Dr. Gershon Shafir, Professor in the Department of Sociology, has been named Director of IICAS. He replaces Interim Director William Chandler as the third Director of the five-year old center and organized research unit.
 
Professor Shafir plans among his priorities as Director to represent of international research and studies vis-à-vis the administration, foster research and collaboration among individual faculty and between area studies groups, raise extramural funds, and provide administrative resources. Shafir said that UCSD is rich in faculty whose work is dedicated to analyzing and illuminating international issues and linkages but added that since UCSD currently has relatively few research centers, it is not easy for faculty groups to coalesce outside their respective departments. Consequently, IICAS needs to serve as an intellectual and organizational hub, clearing house, and magnet for research groups and collaborative research in order to magnify the potential benefits of synergy.  

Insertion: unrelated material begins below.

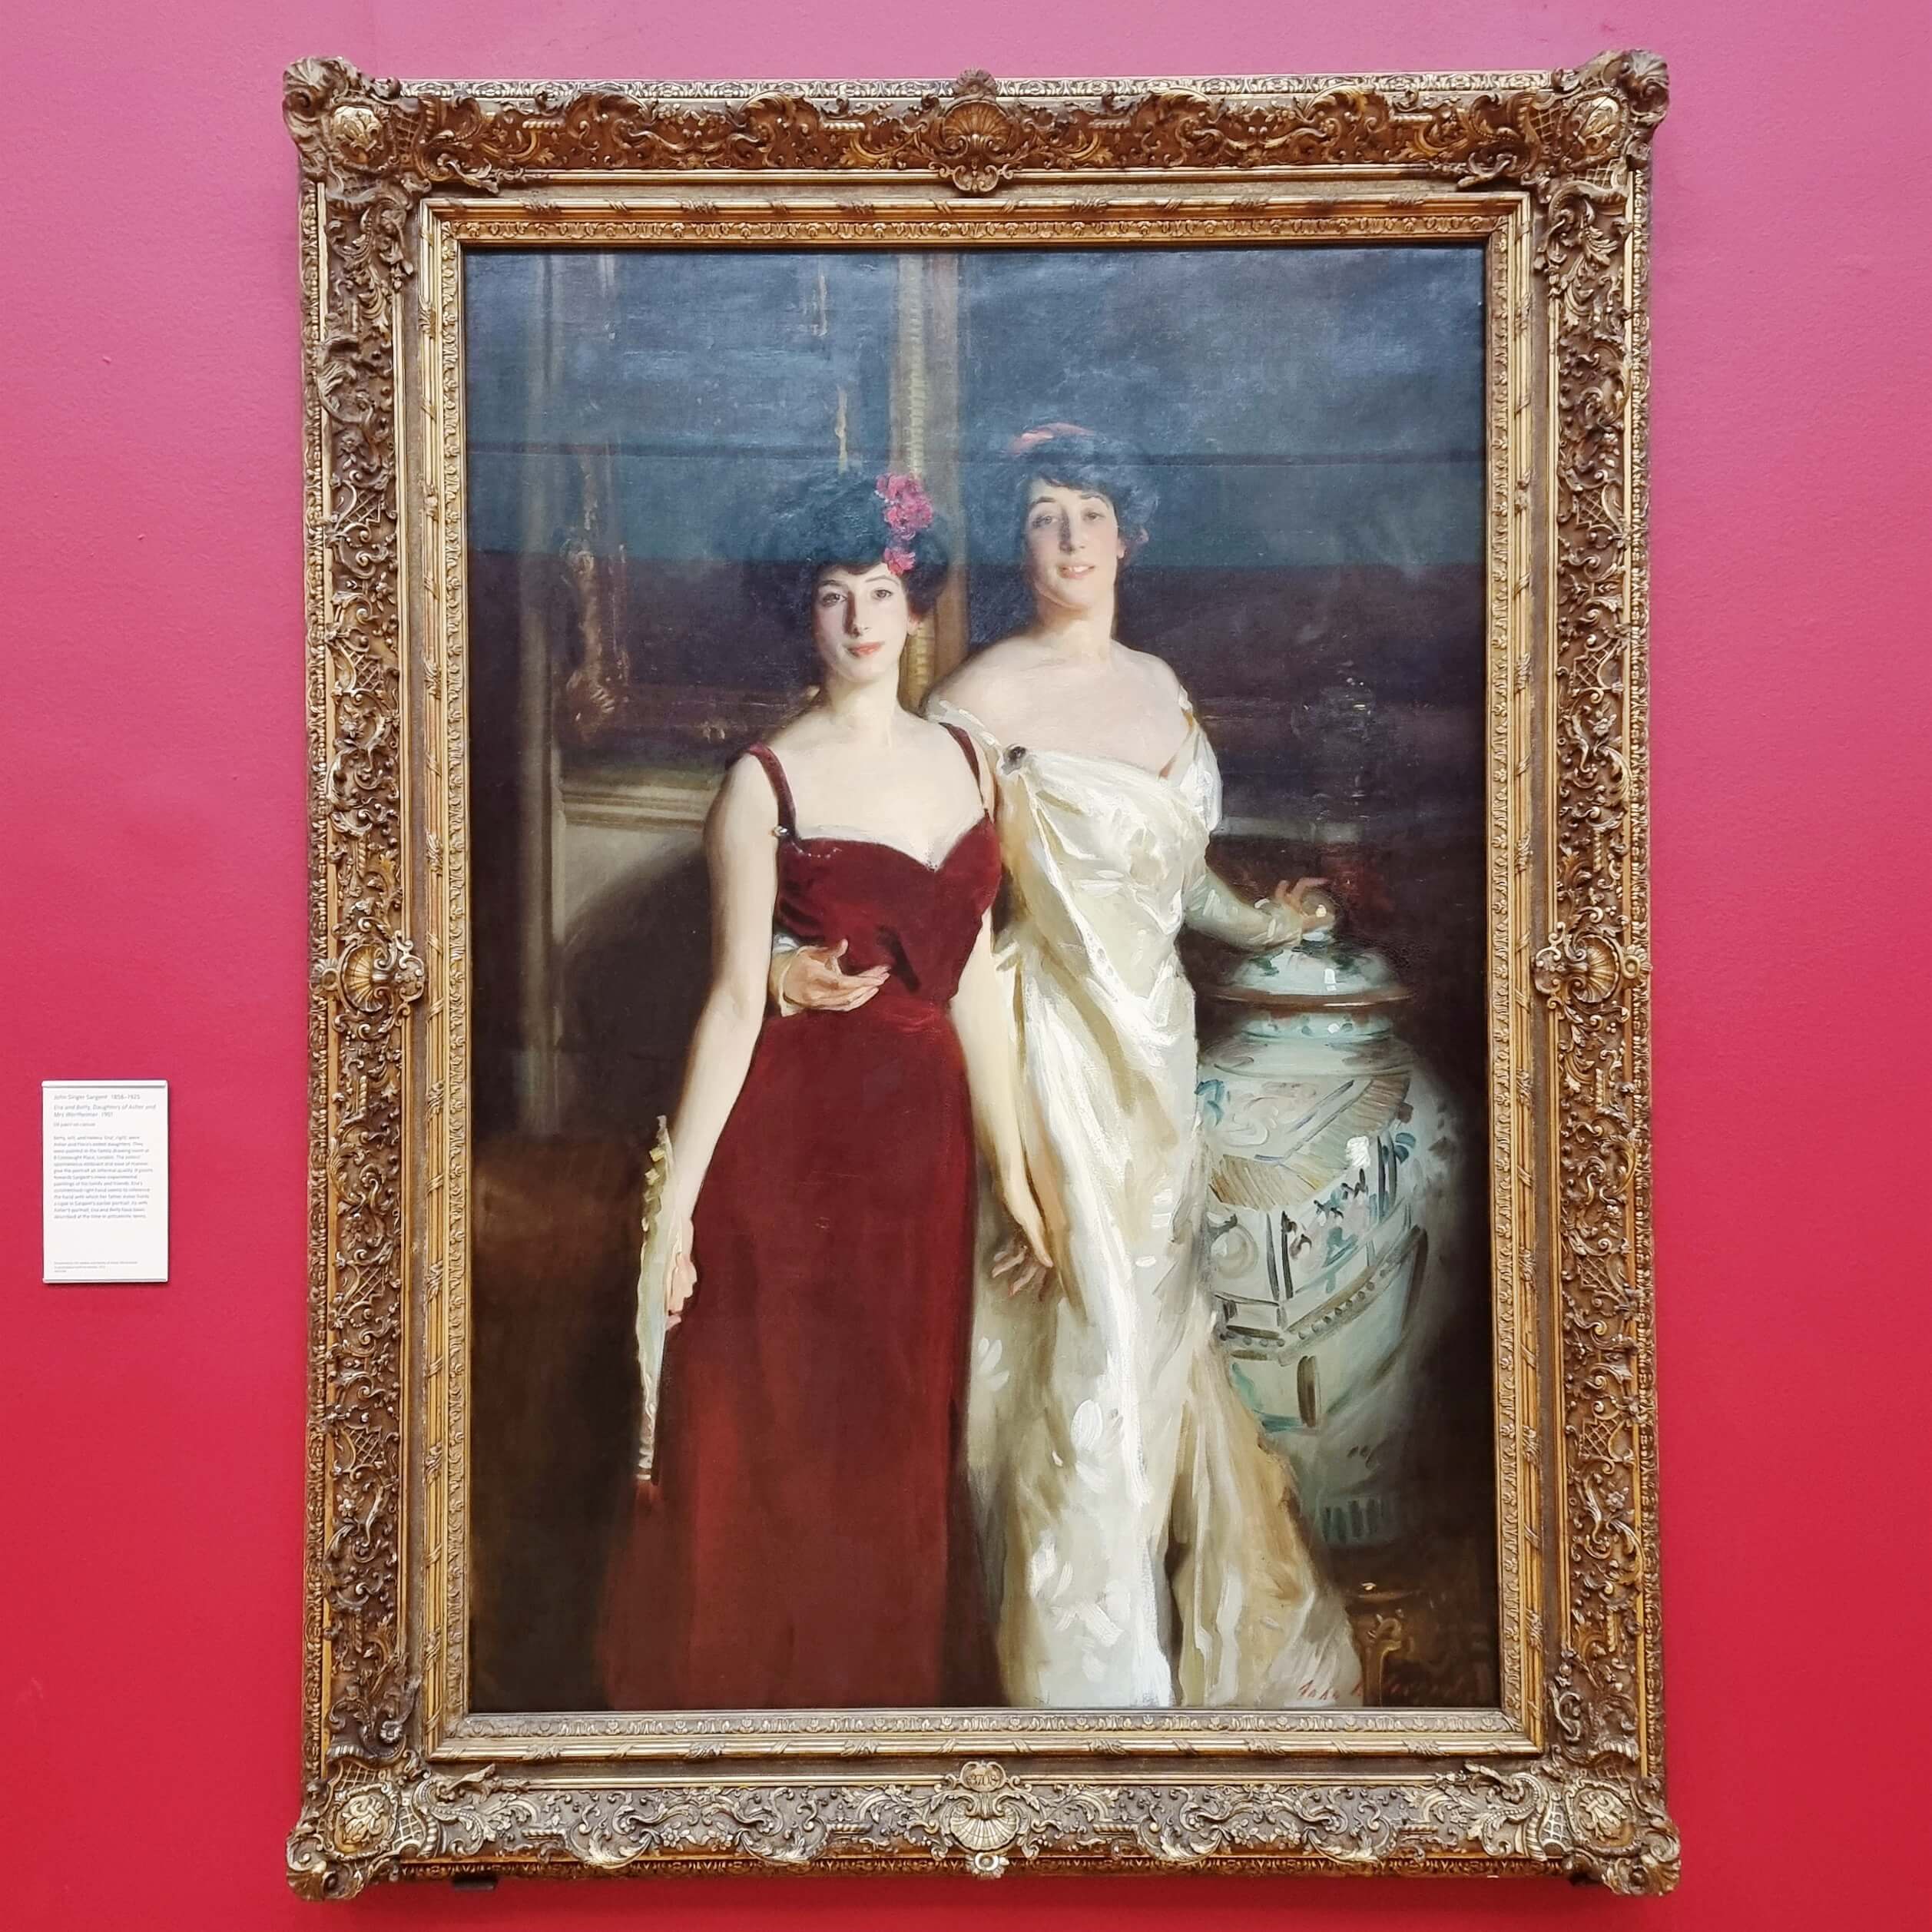 Ena and Betty, Daughters of Asher and Mrs Wertheimer / John Singer Sargent / © Tate Britain

One of Shafir's main goals as Director is to catalyze and facilitate research projects of UCSD faculty through program development and to forge links with private and public funding agencies regionally, nationally, and internationally. He promises to place particular emphasis to identify research interests that will allow IICAS to serve as a bridge between the social sciences and humanities as well as the sciences.
 
Dr. Shafir expects some of the potential clusters of interdisciplinary interest to include: human rights and international norms; globalization, global governance, NGOs and diplomacy; religious, ethnic, and transnational social movements; violence, international terrorism, and genocide; international political economy and development; global migration, refugees, citizenship and cosmopolitanism; international gender issues and movements; international public health; and environment, climate change, and national resources.
 
As Director of IICAS, Dr. Shafir also serves as co-Director, with Clark Gibson (Political Science), of the International Studies major. Professor Shafir plans to enrich the well-nigh 800 majors' experiences outside the classroom by establishing undergraduate clubs to be based on disciplinary and area-specific interests. During brown bag noon-time seminars, students will hear about the ongoing research of faculty and international visitors as well as their analyses of current events.
 
Professor Shafir was born in Hungary and raised and educated in Israel. "I was a restless student," he said, "seeking to be challenged in just the right way for me." He graduated from Tel Aviv University with two bachelor's degrees, the first in Economics and Political Science, the second in Sociology and Anthropology. Once in the United States, he was awarded an M.A. by UCLA and subsequently moved on to Berkeley to receive his Ph.D. in Sociology. He gave the following helpful advice to doctoral students on how to finish their dissertation in a timely manner: "I booked a round-the-world ticket six months in advance and completed my dissertation two days before my day of departure." Prior to coming to UCSD in 1987, he was also a journalist, a leader of the Israeli Peace Now movement, a candidate for the Israeli Parliament, and an Assistant Professor at Tel Aviv University.
 
Shafir's research seeks to address Middle Eastern concerns within comparative and historical contexts and additionally within larger thematic frameworks, while also addressing some of these theoretical issues on their own. Among the latter are citizenship and human rights, the interrelationship of domestic and foreign policy, nationalism, colonialism and development. In 2002 he received the Middle Eastern Studies Association's Albert Hourani Award for best book on the Middle East. His current work is focused on the Cold War and on the many facets of international terrorism and counterterrorism in the US and elsewhere. He is at work on a manuscript: Miscarriage of Peace: The U.S., Egypt and Israel in the Cold War, which is based on documents from the National Archive in Maryland. His most recent article "Torturing Democracies" will appear in a book he co-edited with Alison Brysk (Political Science, Irvine) National Insecurity and Human Rights: Democracies Debate Counterterrorism to be published by UC Press in April 2007.